Pricing Your Propertys Commercial Landscaping Service (Part 2)

Posted by Joseph Barnes on Feb 18, 2015 12:00:00 AM

The balancing act that commercial landscaping companies face...

In Part 1 of this post, we looked at a list of some of the variables that commercial landscape service companies consider when pricing your property’s landscape maintenance service. Measuring, counting, and evaluating the overall health of your landscaping can take a considerable amount of time, but is absolutely essential to accurately determining the amount of time it will take our crews to service your property.

Once we load all of the measurements into our estimating system, we have a pretty good idea about how many hours it will take to perform all of the necessary mowing, trimming, edging, and blowing to make your property look its best at each visit.

That number, the total hours we estimate that we’ll spend servicing your property’s landscaping, is the single most important factor that will drive the cost of your property’s commercial landscape service contract.

Why is that?

Because any commercial landscaping company’s single greatest asset is also our single largest expense – the professional landscape labor force that delivers our services.

More than anything else, our service personnel – not equipment, not trucks and trailers, not administration, not even fuel – come close to the investment that we make in our landscape service professionals.

Because we know that labor is so critical to the success of our business, getting an estimate of the hours they will need to service your property to the level you expect is an absolute necessity.

And here is the balancing act that commercial landscaping companies face.

Can we perform the services at the level that the client’s property deserves, and do so within the number of hours that we’ve estimated, while allowing our company to grow and be financially healthy?

Are there companies that intentionally misrepresent the number of hours they’ll spend on a property, just to win the job?
Yes.

Are there companies that will spend more time on a property than they estimated, sacrificing their profit margin because they believe they owe it to the client?
Yes.

For a client, I would suggest that neither of these scenarios are a good one.

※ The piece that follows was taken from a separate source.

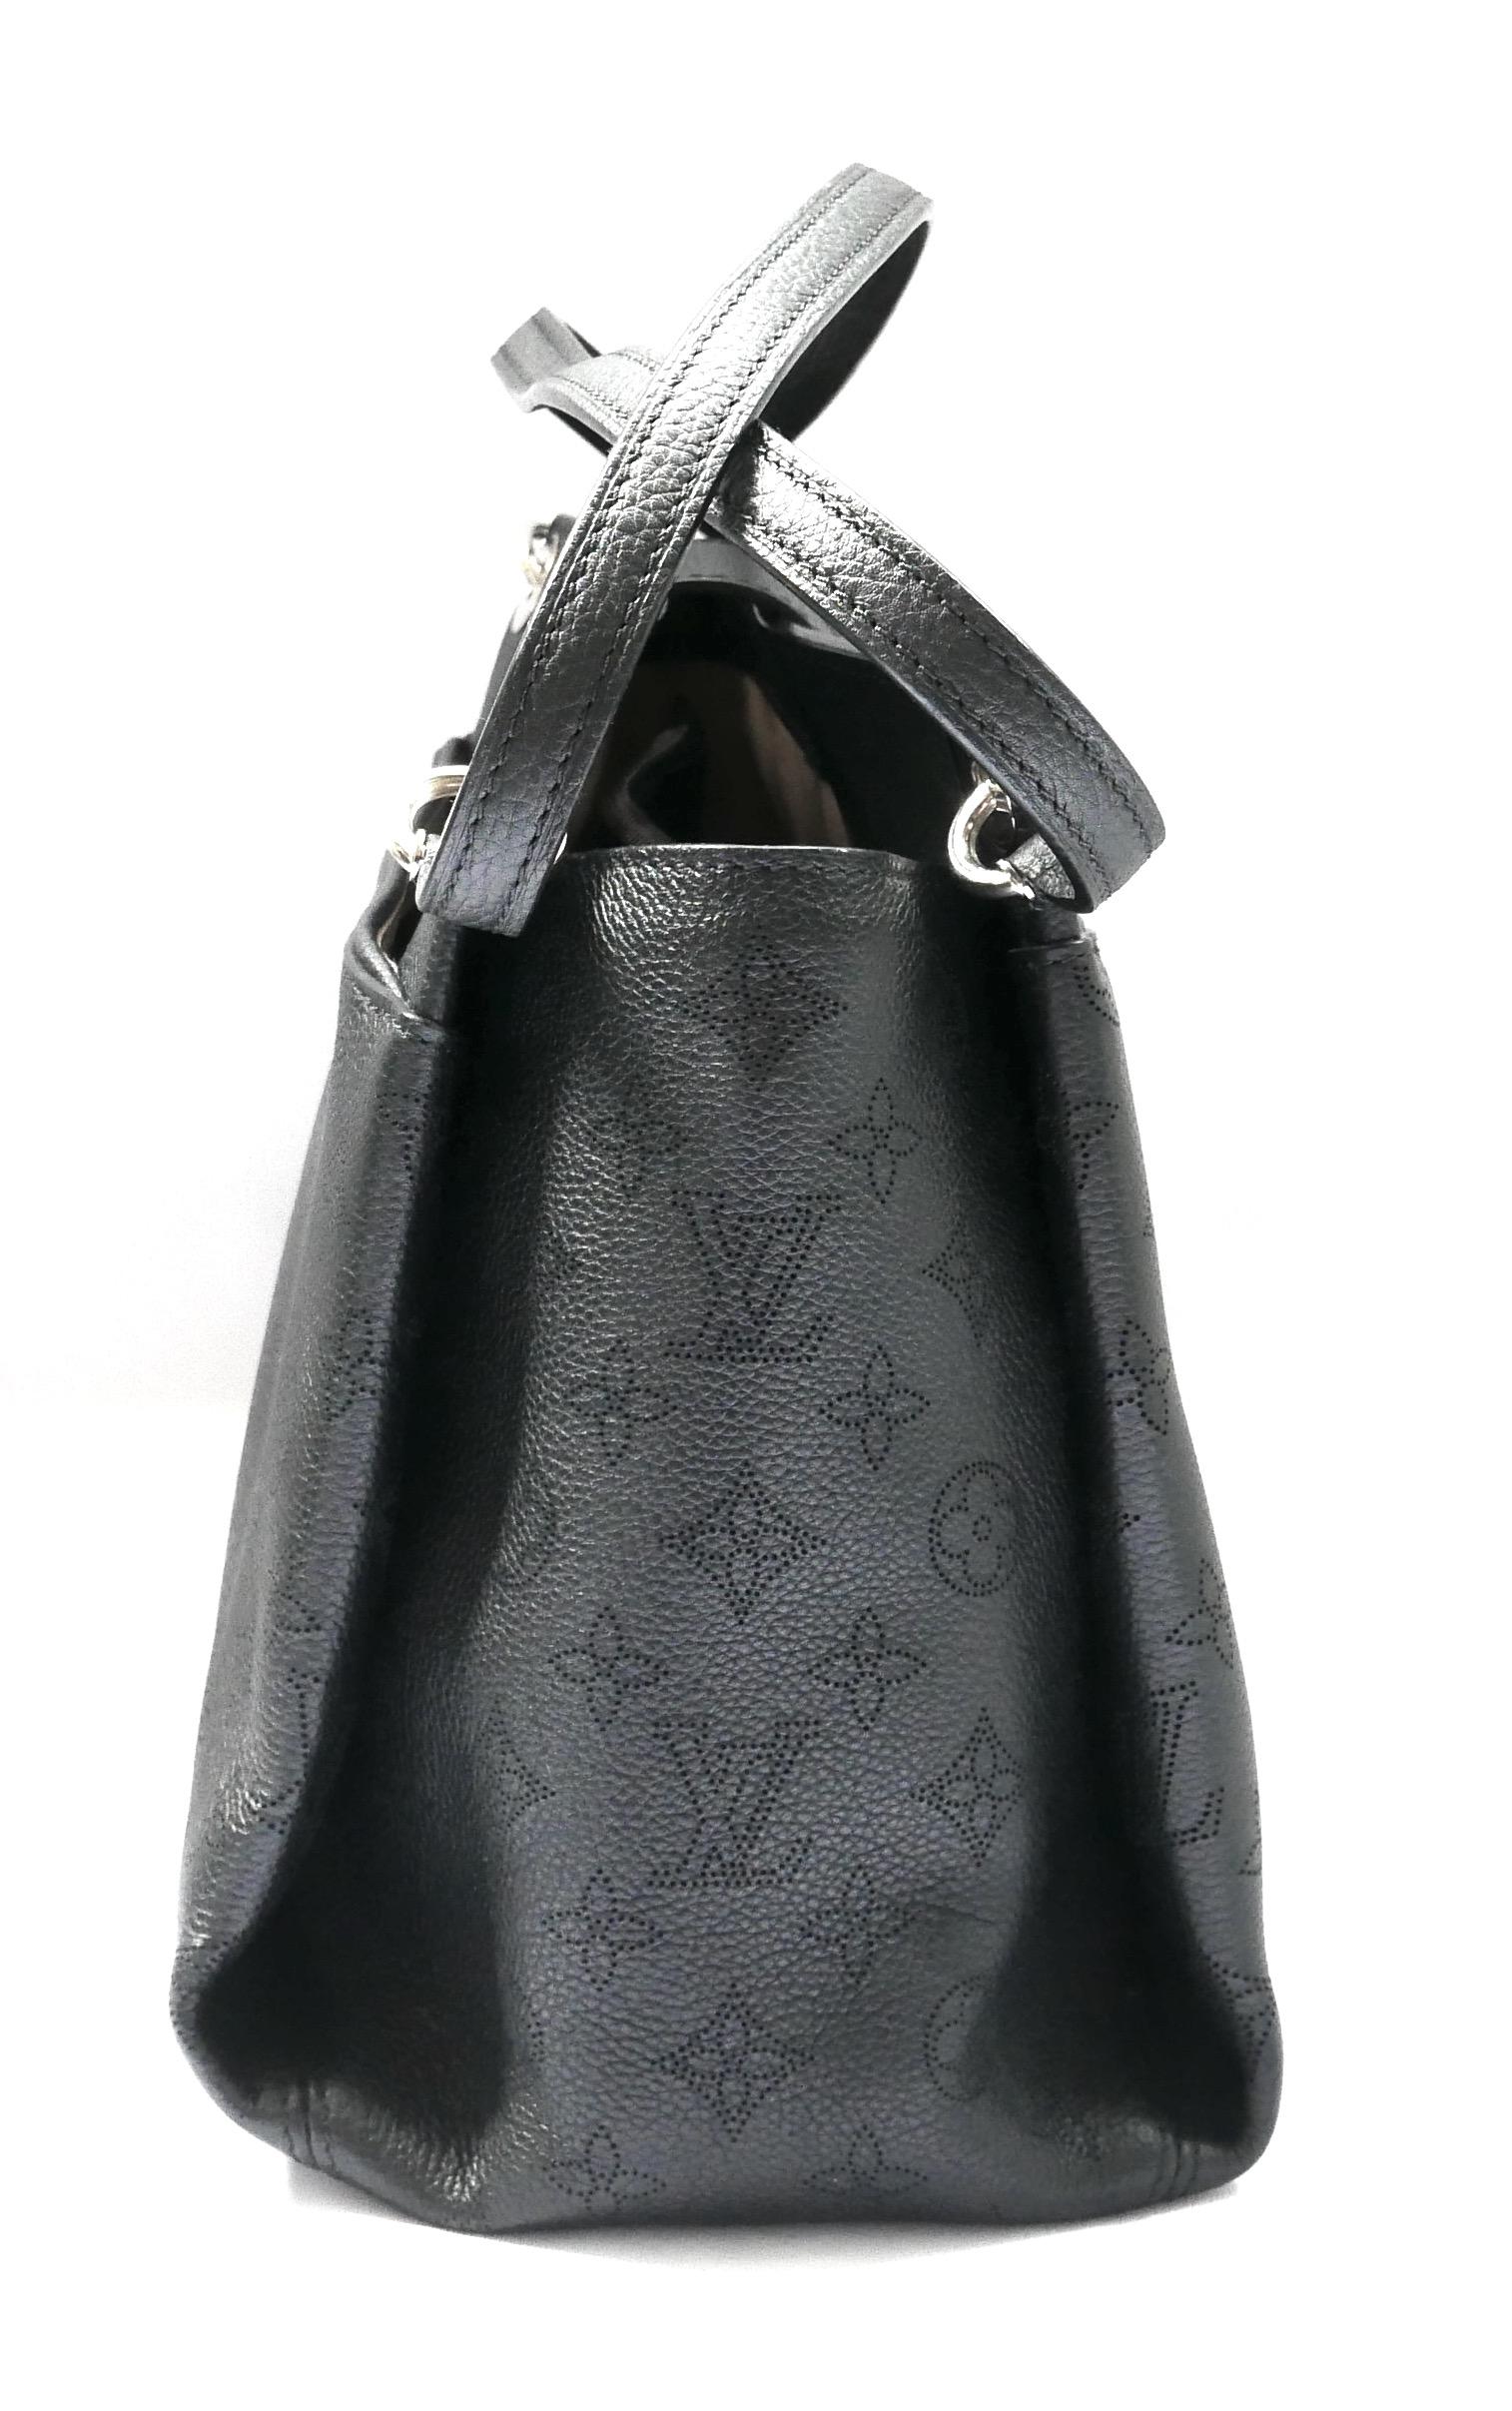 Louis Vuitton Sevres Mahina Noir Bag Black In New Condition For Sale In London, GB

The low bidder that cuts corners to reduce the hours they spend on your property will never deliver the result that you had hoped for when you hired them. Complaints begin piling up, you start to feel like you need to micro-manage your landscaper to make sure they’re meeting your expectations, and pretty soon neither you or the landscaper are happy with the partnership.

The dedicated company that underestimated what it really takes to service your property is certainly respectable and well intentioned, but eventually becomes a candle burnt at both ends. Healthy commercial landscaping companies are always growing and reinvesting in ourselves. Depending on the size of your property and the size of the company, an underestimated project can seriously injure a growing company and impede their ability to continue serving your property.

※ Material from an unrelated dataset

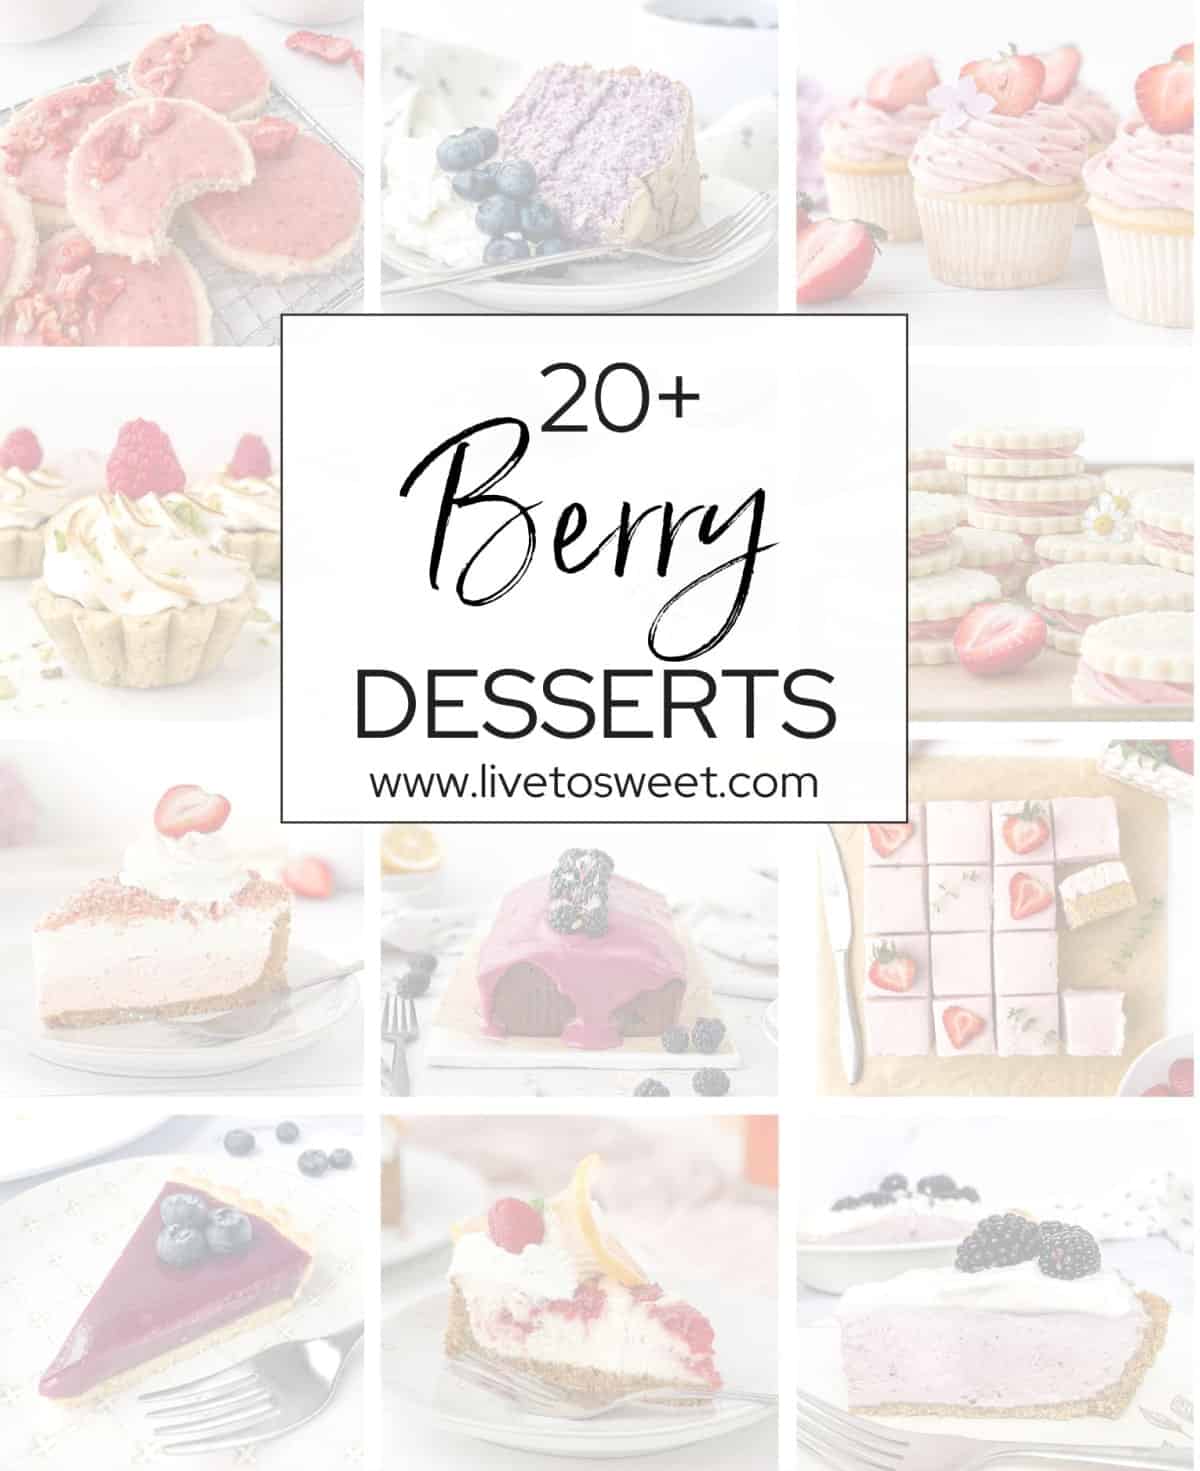 Collage of berry desserts.

The best partnerships exist when the landscaped spaces of your property and the company that delivers your landscape service are healthy.

A company that takes the extra time to perform a detailed evaluation of your property and prices your landscape maintenance service contract fairly is free to deliver the best result from your landscaping. They don’t have to watch the clock every visit or look for shortcuts. If they've accurately estimated the time they’ll need to exceed your expectations, then all that’s left to do is deliver - to add real value to your property with every service visit.

Does your current landscaping company really know how many hours they spend servicing your property every year? Is that aligned with what they initially proposed when they began service?

Pricing your property’s commercial landscaping service isn't a guessing game. The total at the bottom of the pricing sheet is important, but understanding how your contractor came up with their number is even more important to the long term success of your property’s landscape.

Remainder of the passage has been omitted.